[[ Dataset records open ]]

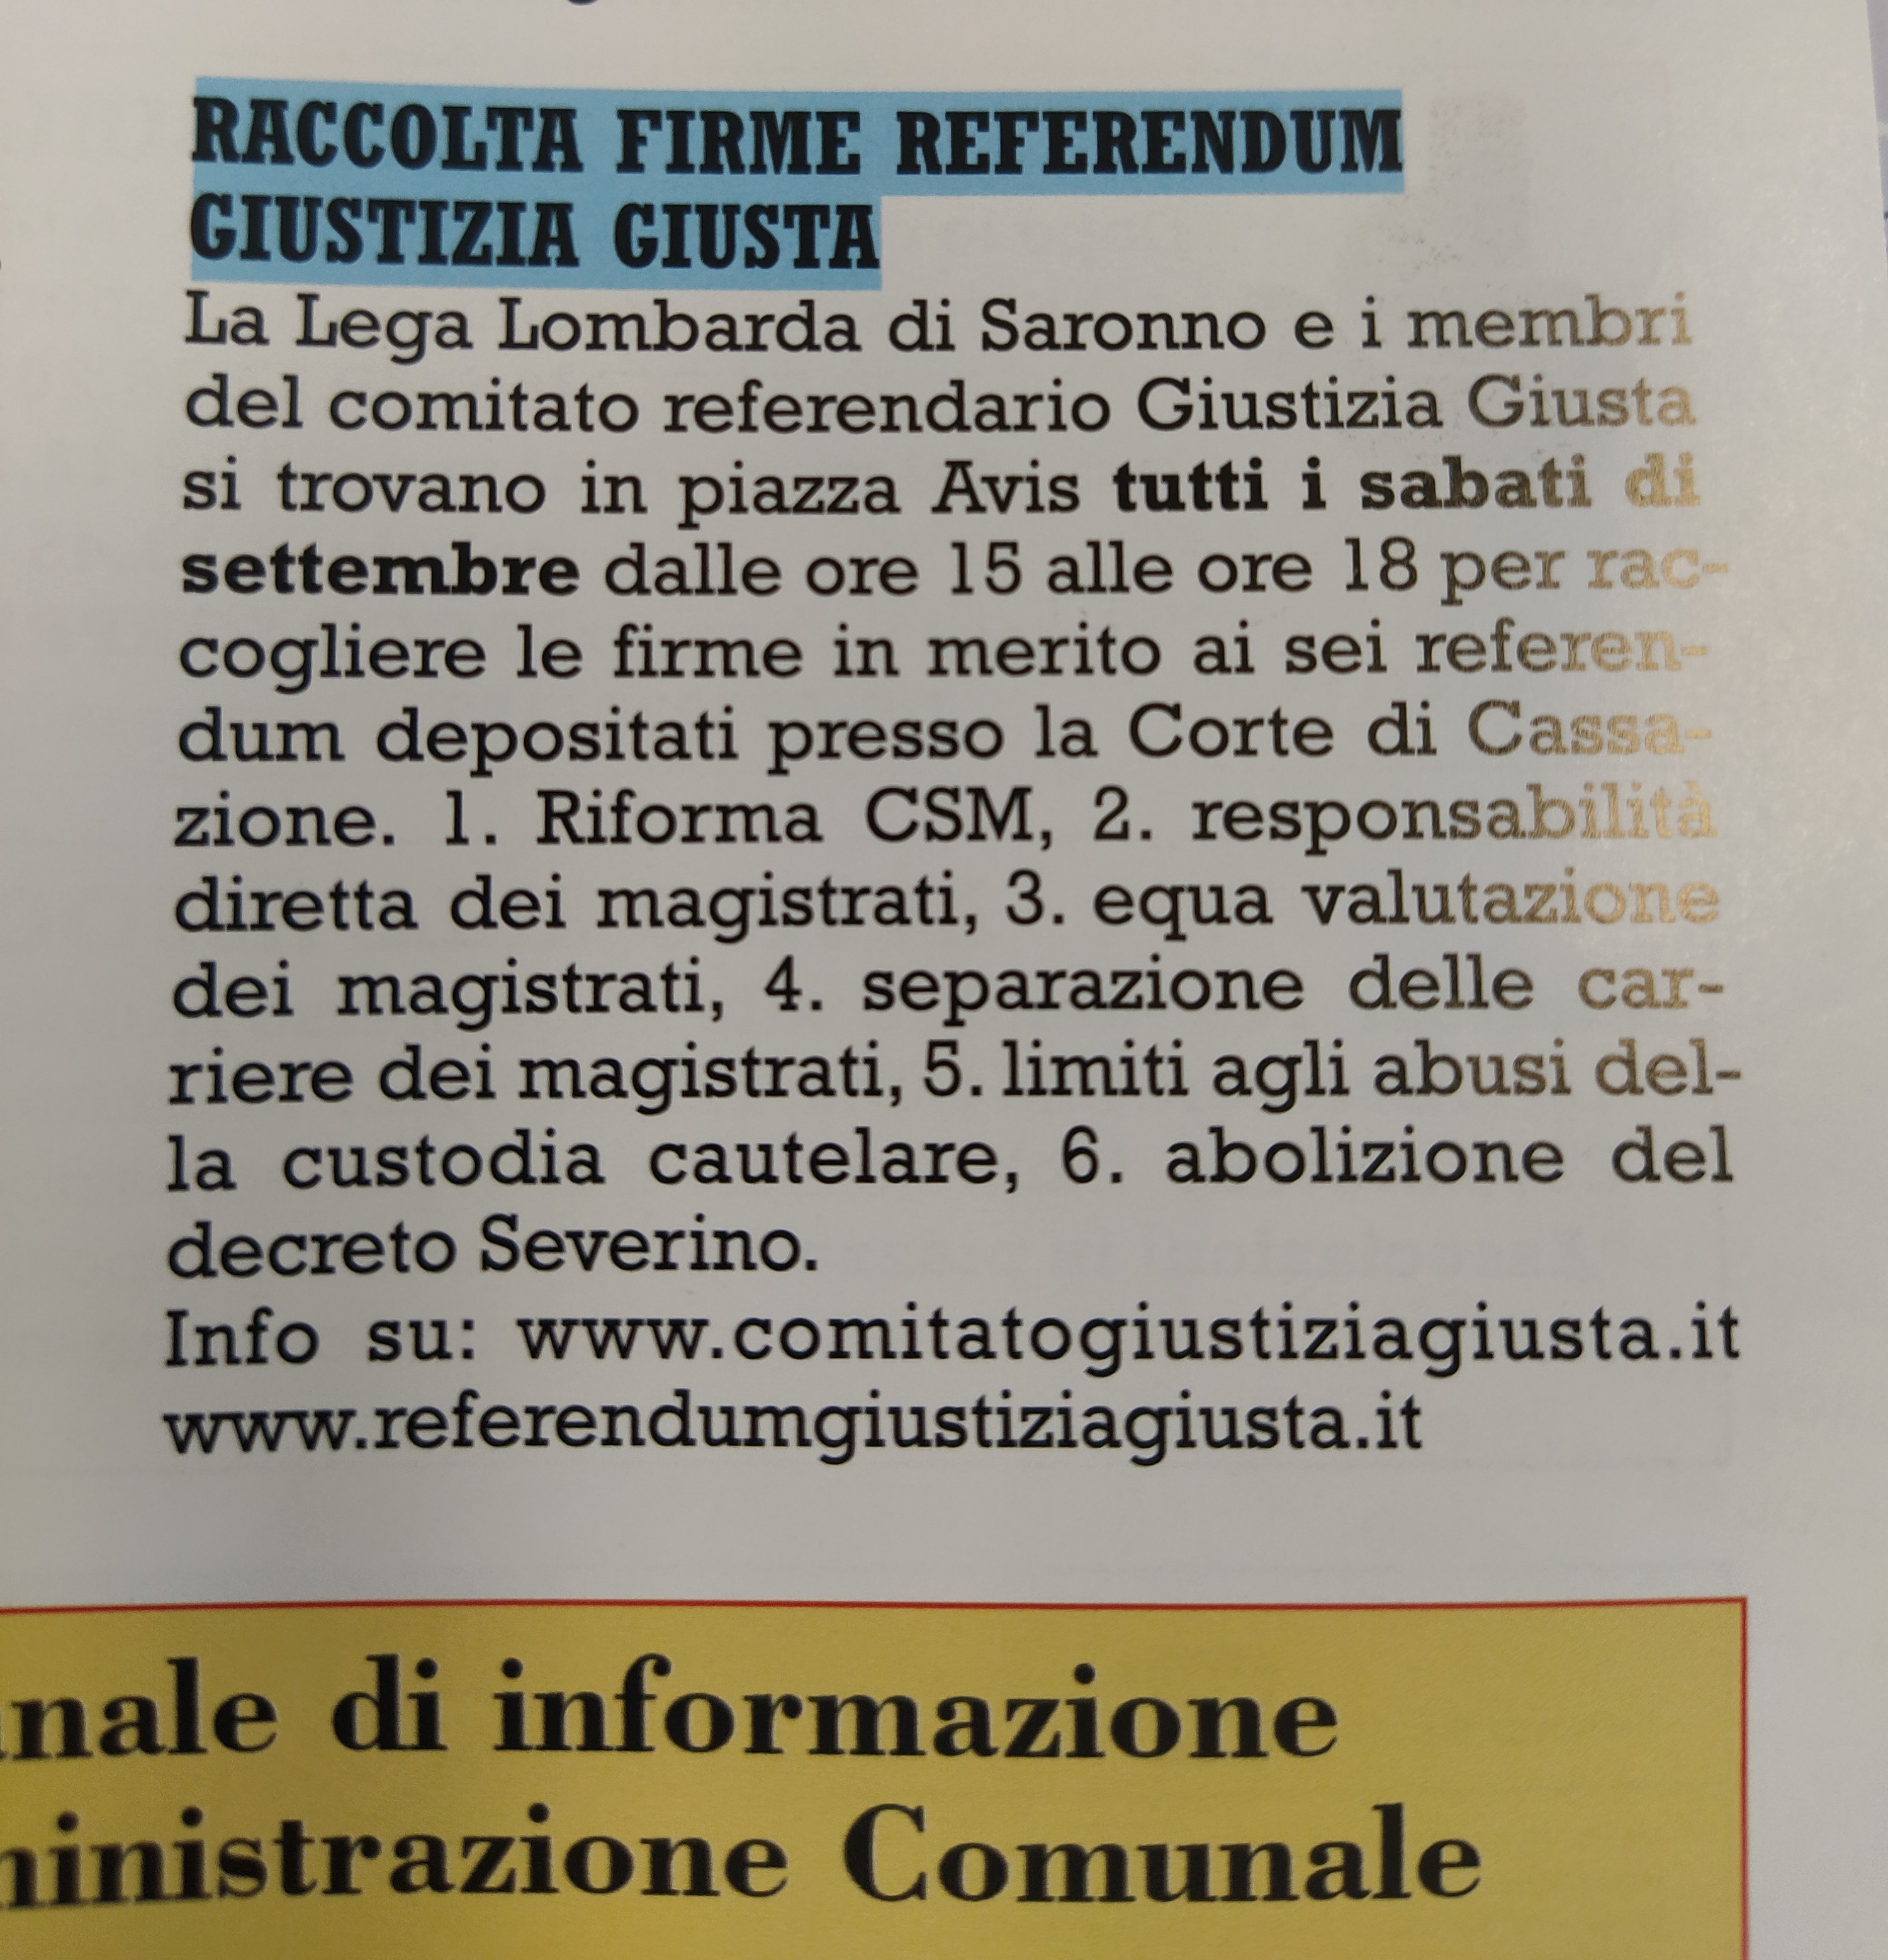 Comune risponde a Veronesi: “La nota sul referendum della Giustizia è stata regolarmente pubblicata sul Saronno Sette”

[[ Dataset records closed ]]
[[ Dataset records open ]]

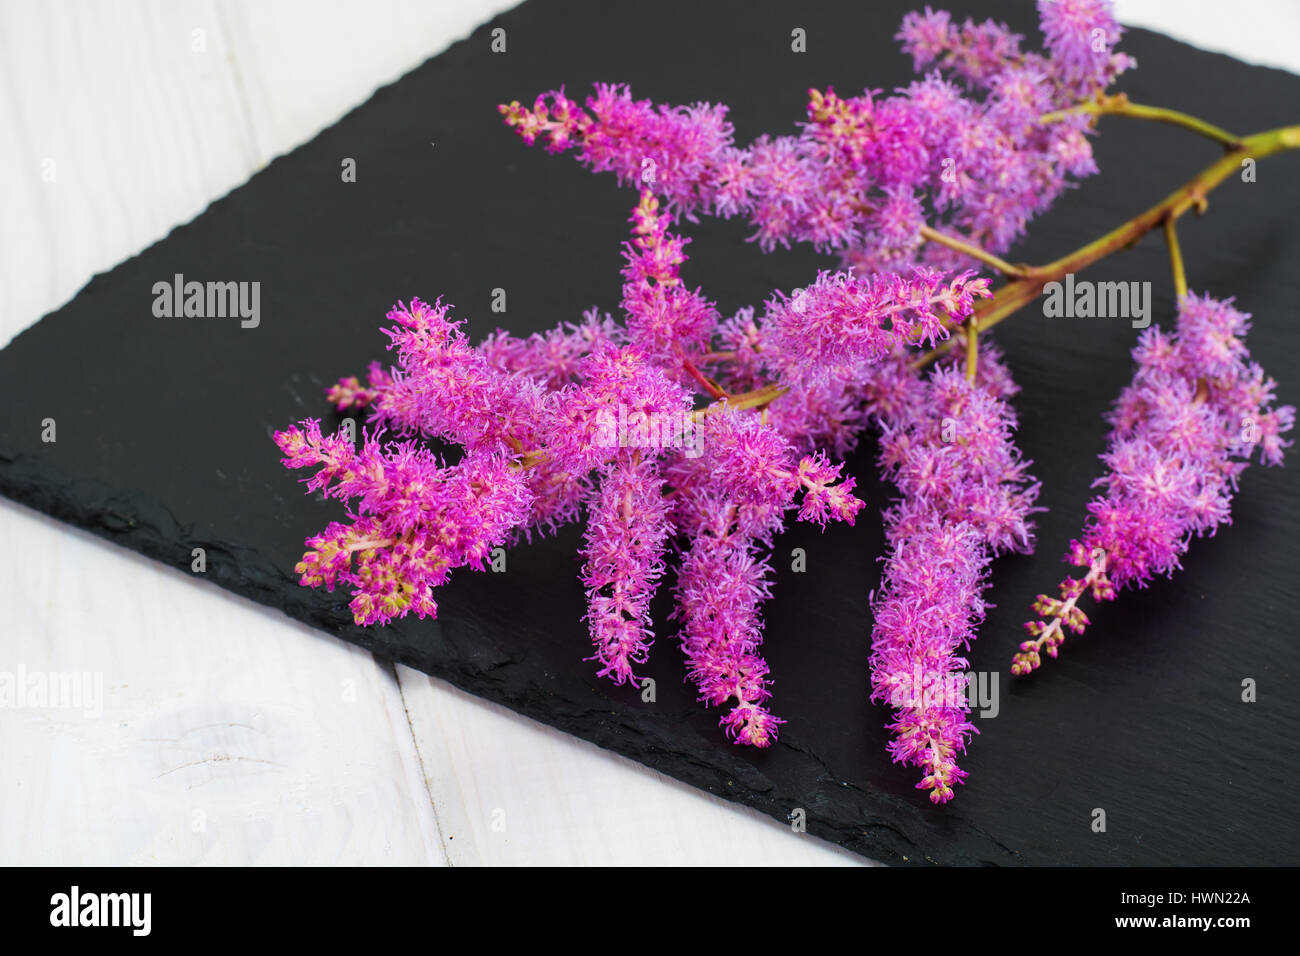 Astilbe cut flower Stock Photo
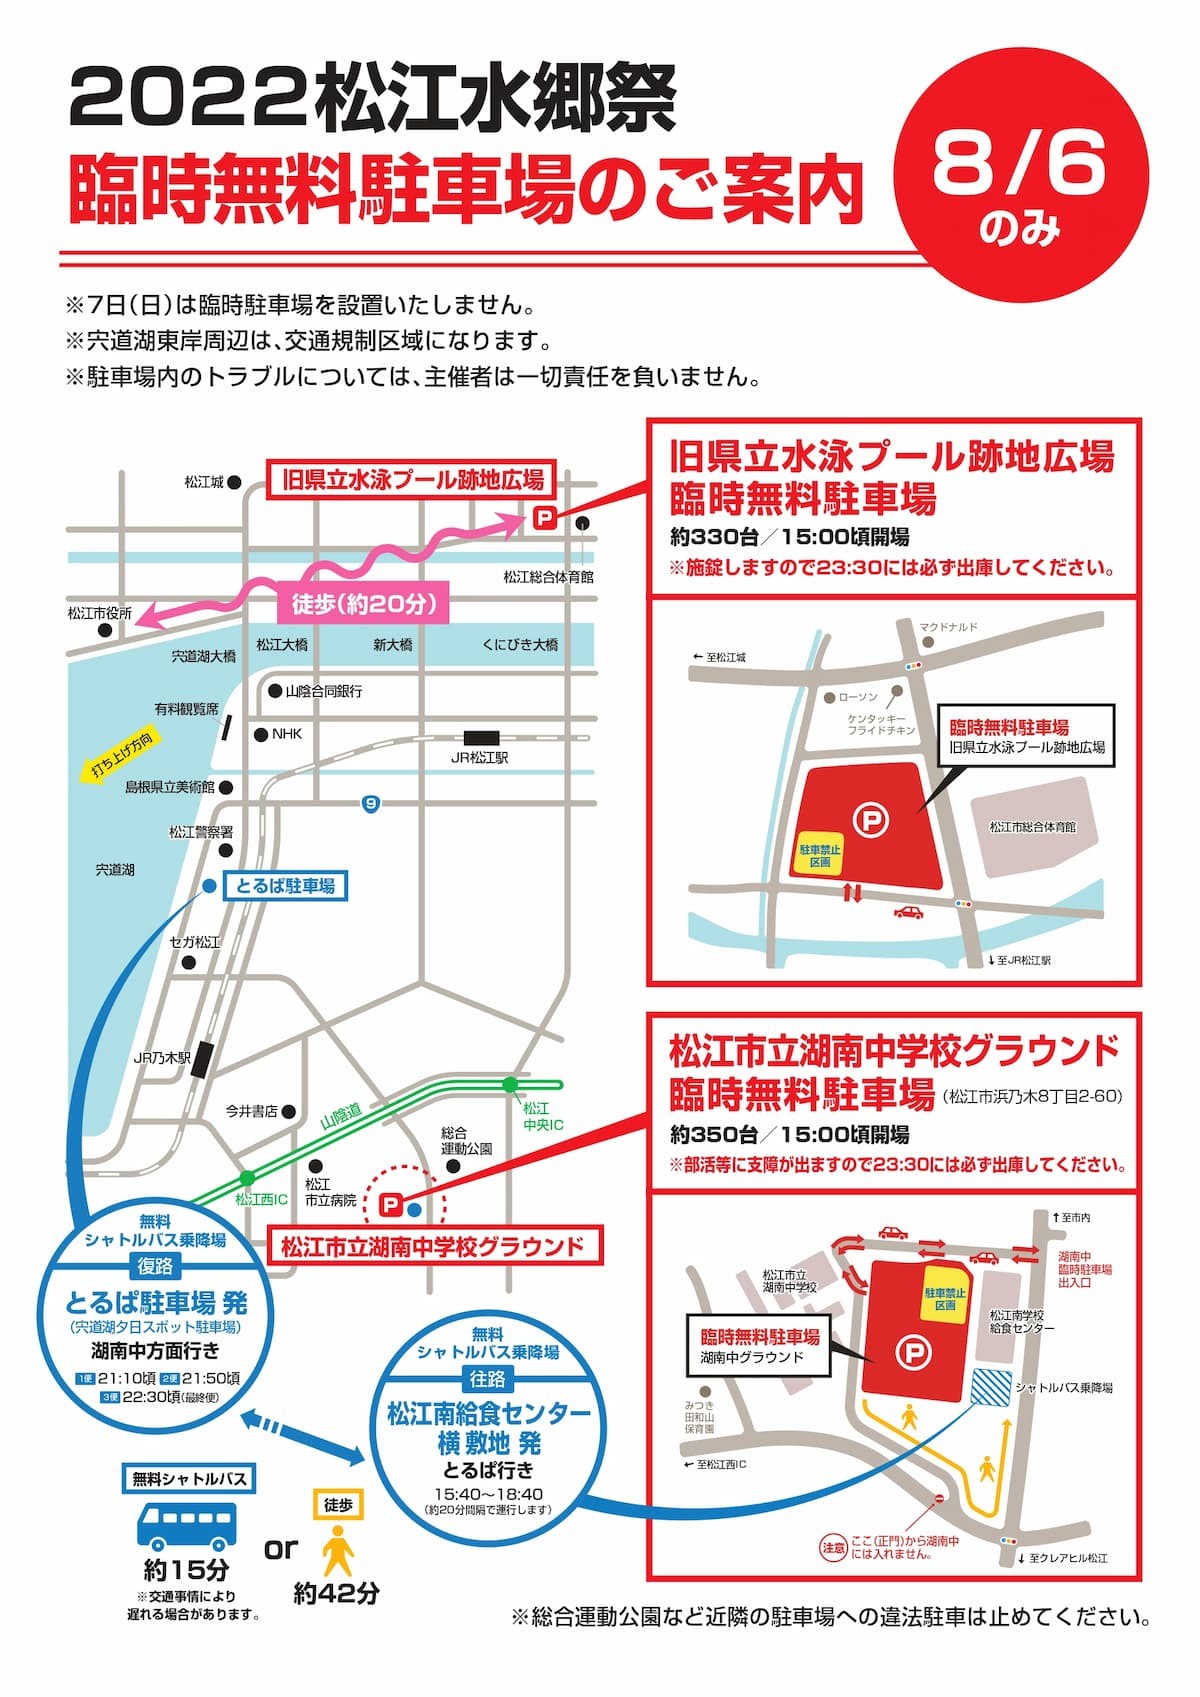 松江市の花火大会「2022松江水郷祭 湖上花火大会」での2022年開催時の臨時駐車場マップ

[[ Dataset records closed ]]

■ **Exercise objective**: From the data above, return only the lines starting at the line that holds "Astilbe cut flower Stock Photo" and ending at the line that holds "松江市の花火大会「2022松", word for word and without pictures.

■ **Solution for this exercise**:
 Astilbe cut flower Stock Photo
 松江市の花火大会「2022松江水郷祭 湖上花火大会」での2022年開催時の臨時駐車場マップ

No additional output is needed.